One of my good friends is a philosopher. He doesn’t wear tweed, smoke a pipe, or work at Harvard. He is curious and inquisitive about many topics. Most conversations with him involve many questions. Often, he answers questions with a question. While this can be annoying, it forces one to think deeper. The questioning requires you to ask better questions.

If the answers are within, asking good questions yields good answers. Likewise, asking poor questions yields poor answers. For instance, if I ask “Why can’t I lose weight?” Neither the answer nor the question empower one to lose weight. But what if you ask “Why do I want lose weight?” My answer is to be healthy and happy.
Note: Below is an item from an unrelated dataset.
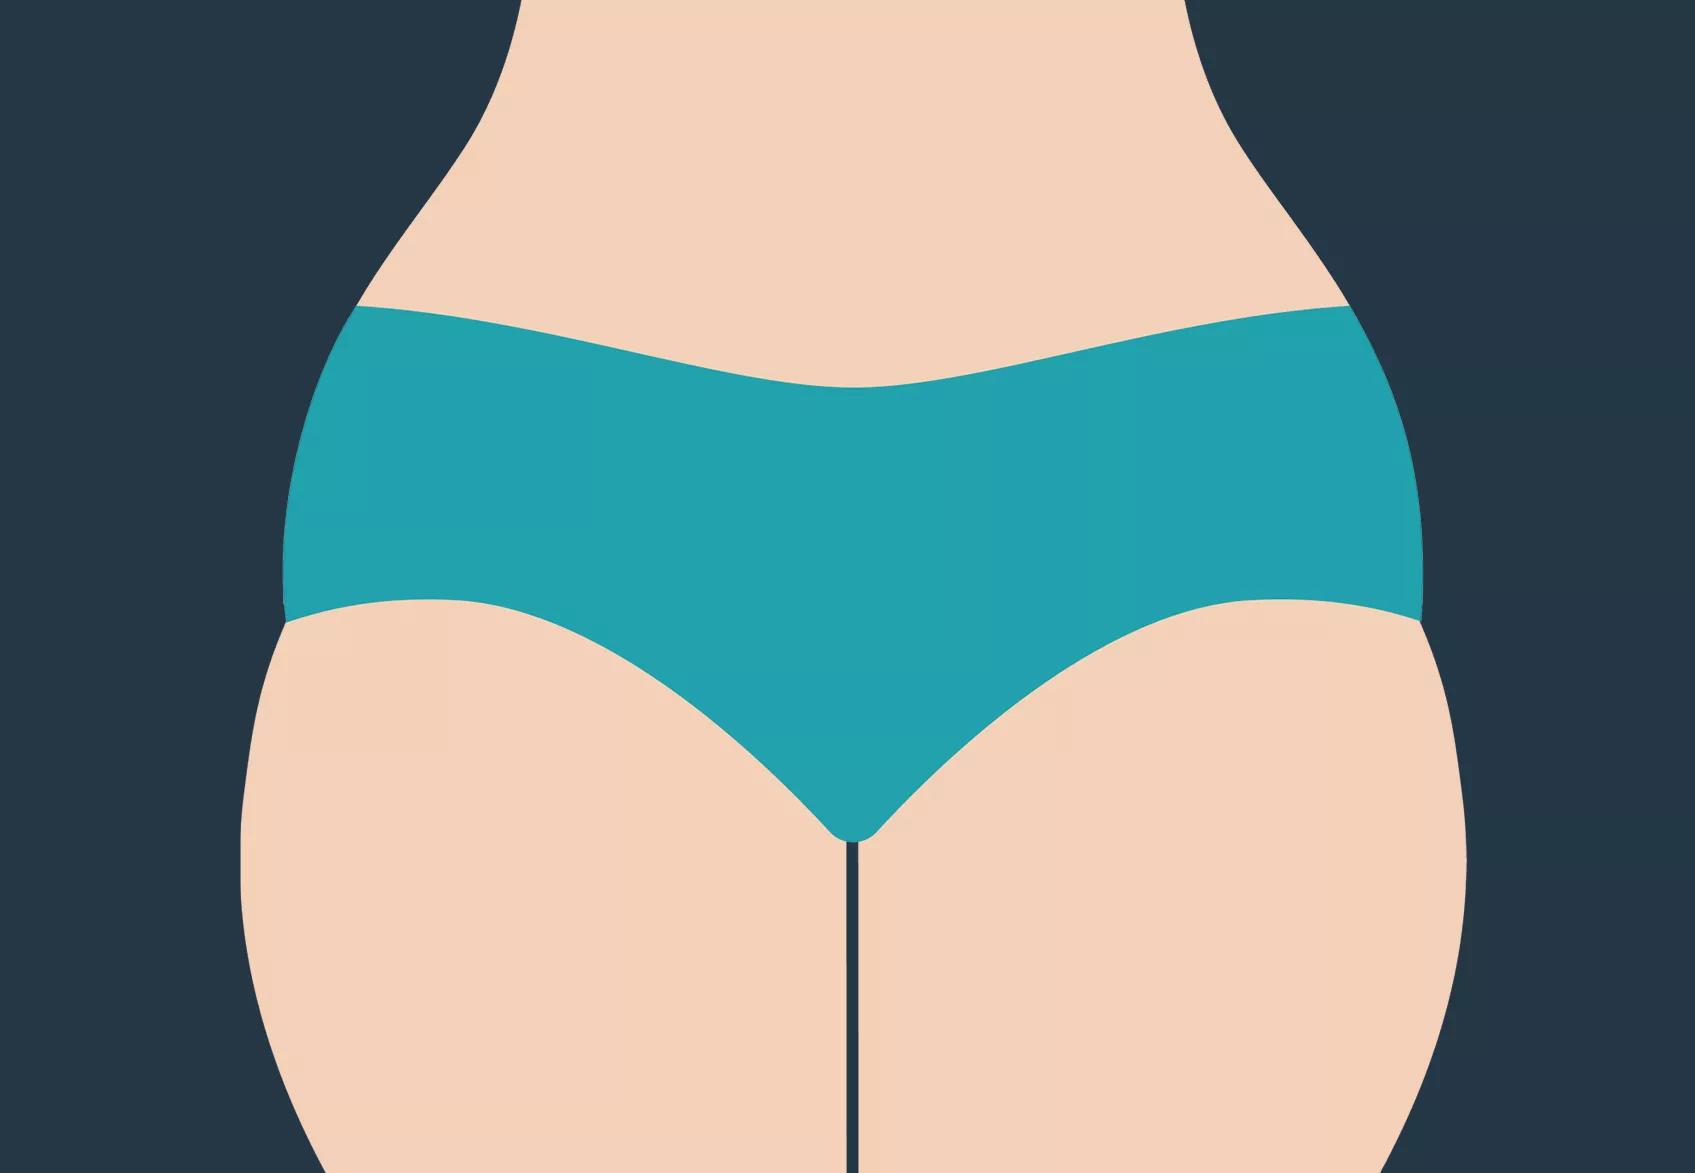 Lipoedema: The Condition You May Not Realise You Have and How to Treat it  “Liposuction

What if I ask another question? “Why do I want to be healthy and happy?” What if I kept asking questions based on my answers. When I did this, I ended with a powerful why and it lead me to how.

The better the question the better the answer. The more questions you ask, the better you get and asking questions. But I’m going to warn you, this process is challenging. It is frustrating. It’s easy to give up. However, if you keep at it, you will find the answers.

Further, if you can combine questions with identity-based habits, you are on your way to achieving what you want. Identity-based habits are discussed more fully by James Clear in his book Atomic Habits. You can learn more here.

“Improvements are only temporary until they become part of who you are. The goal is not to read a book, the goal is to become a reader. The goal is not to run a marathon, the goal is to become a runner. The goal is not to learn an instrument, the goal is to become a musician.” –

-Atomic Habits: An Easy & Proven Way to Build Good Habits & Break Bad Ones by James Clear

Start today by asking better questions. What kind of person do you wish to become and why do you want to become that person? Once you answer those questions, spend the rest of the day living like the person you want to become.